SOURCE MATERIAL:
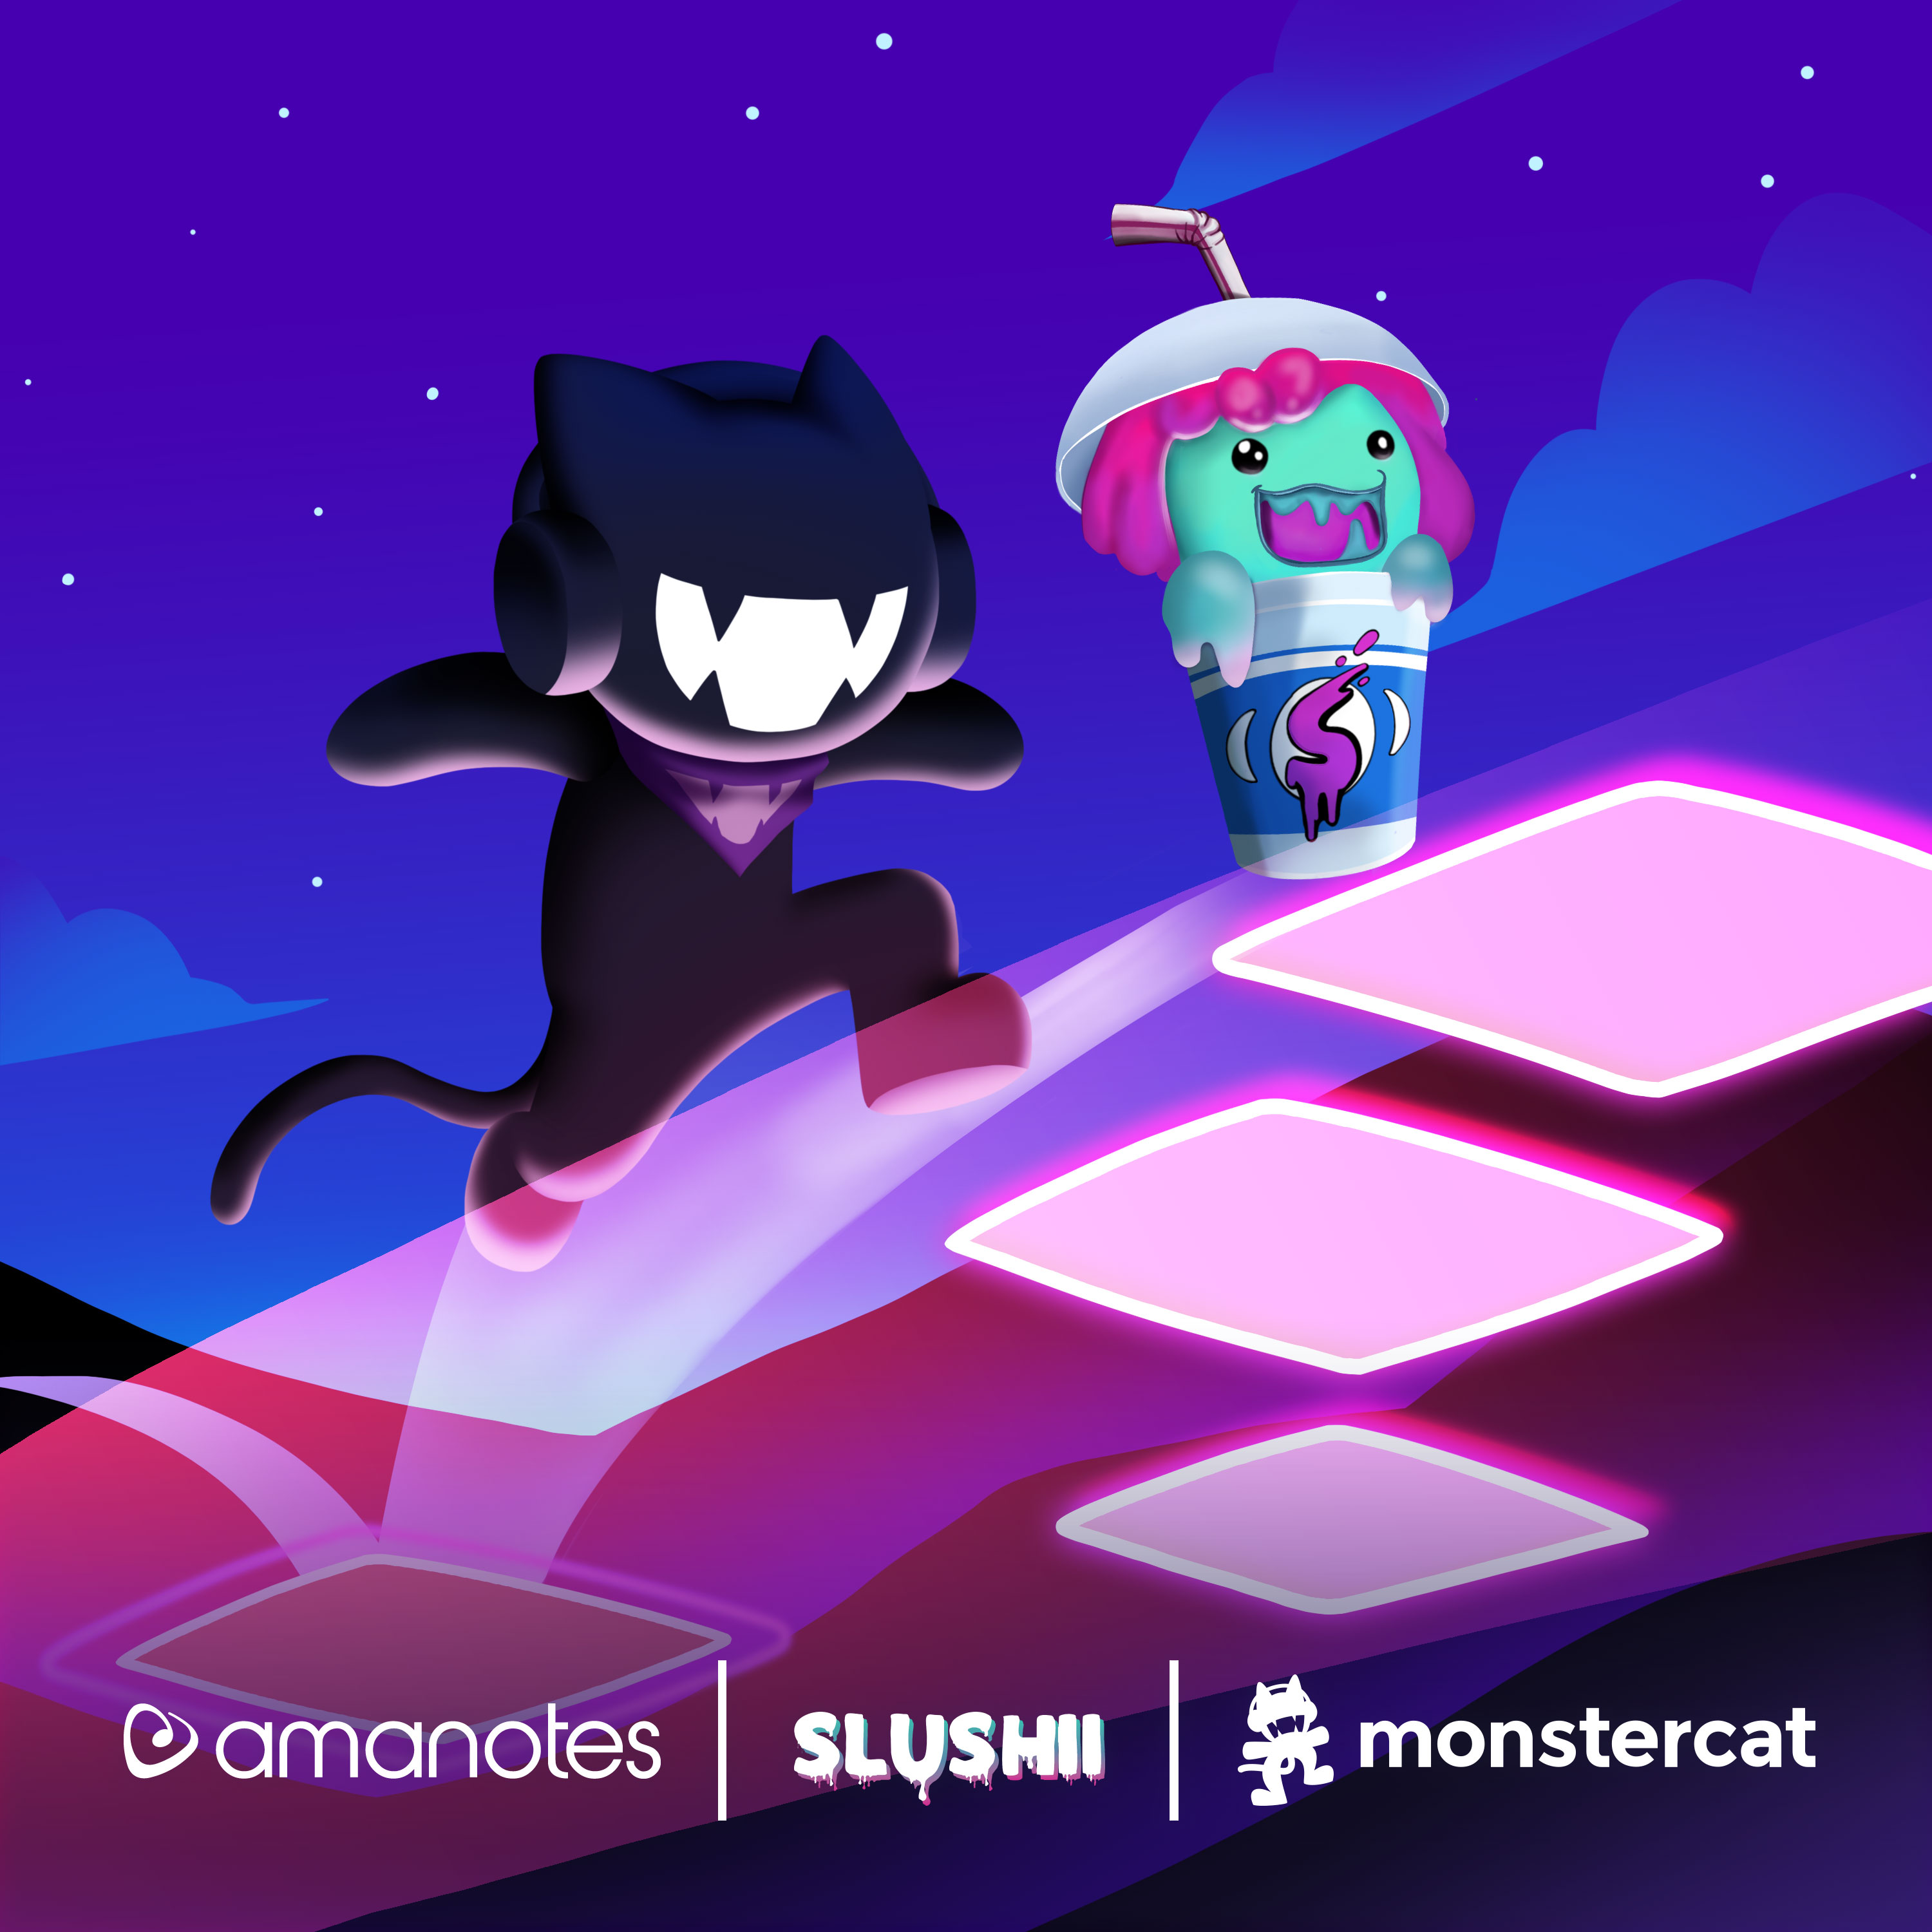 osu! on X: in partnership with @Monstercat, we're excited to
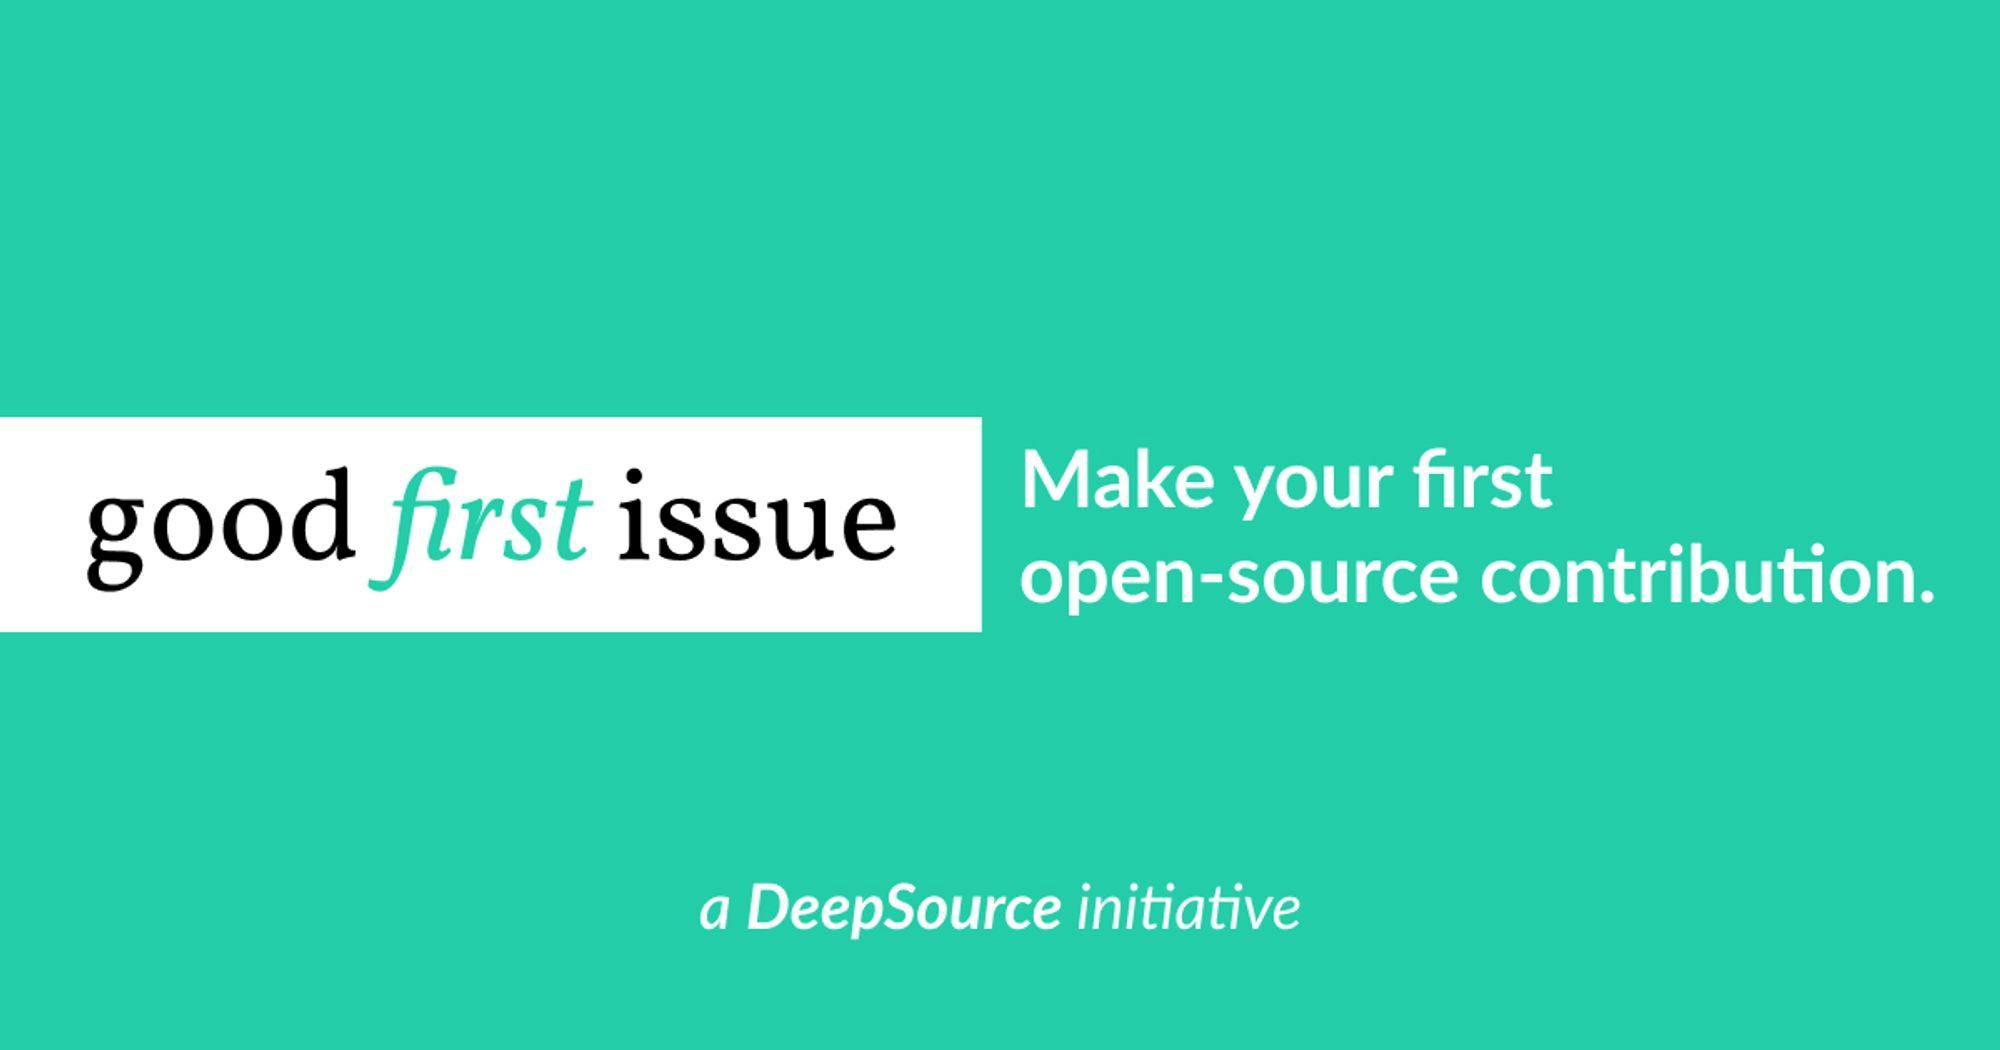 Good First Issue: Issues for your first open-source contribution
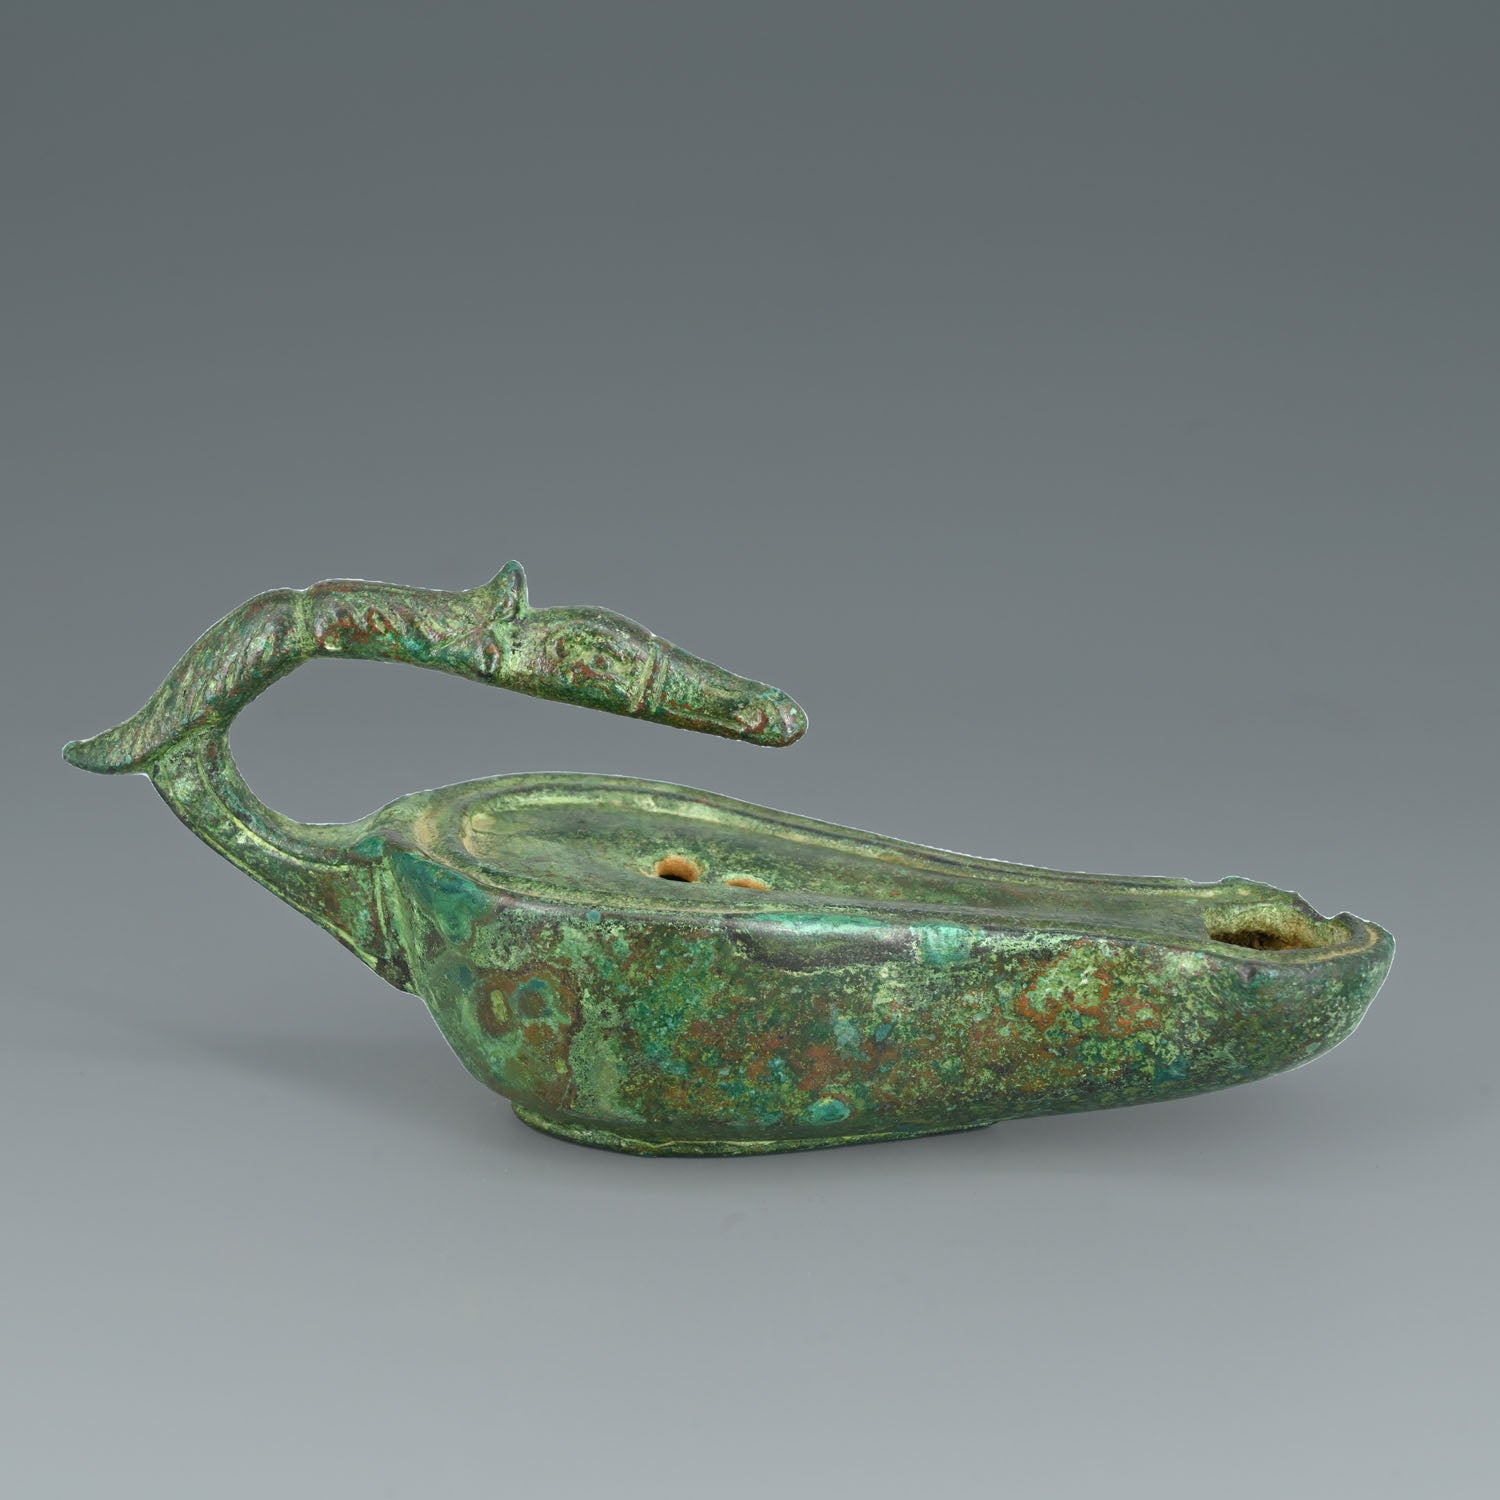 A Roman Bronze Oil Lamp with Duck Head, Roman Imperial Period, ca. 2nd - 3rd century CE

EXERCISE: Every word of the material above should be copied exactly; no pictures.

TASK OUTPUT:
 osu! on X: in partnership with @Monstercat, we're excited to
 Good First Issue: Issues for your first open-source contribution
 A Roman Bronze Oil Lamp with Duck Head, Roman Imperial Period, ca. 2nd - 3rd century CE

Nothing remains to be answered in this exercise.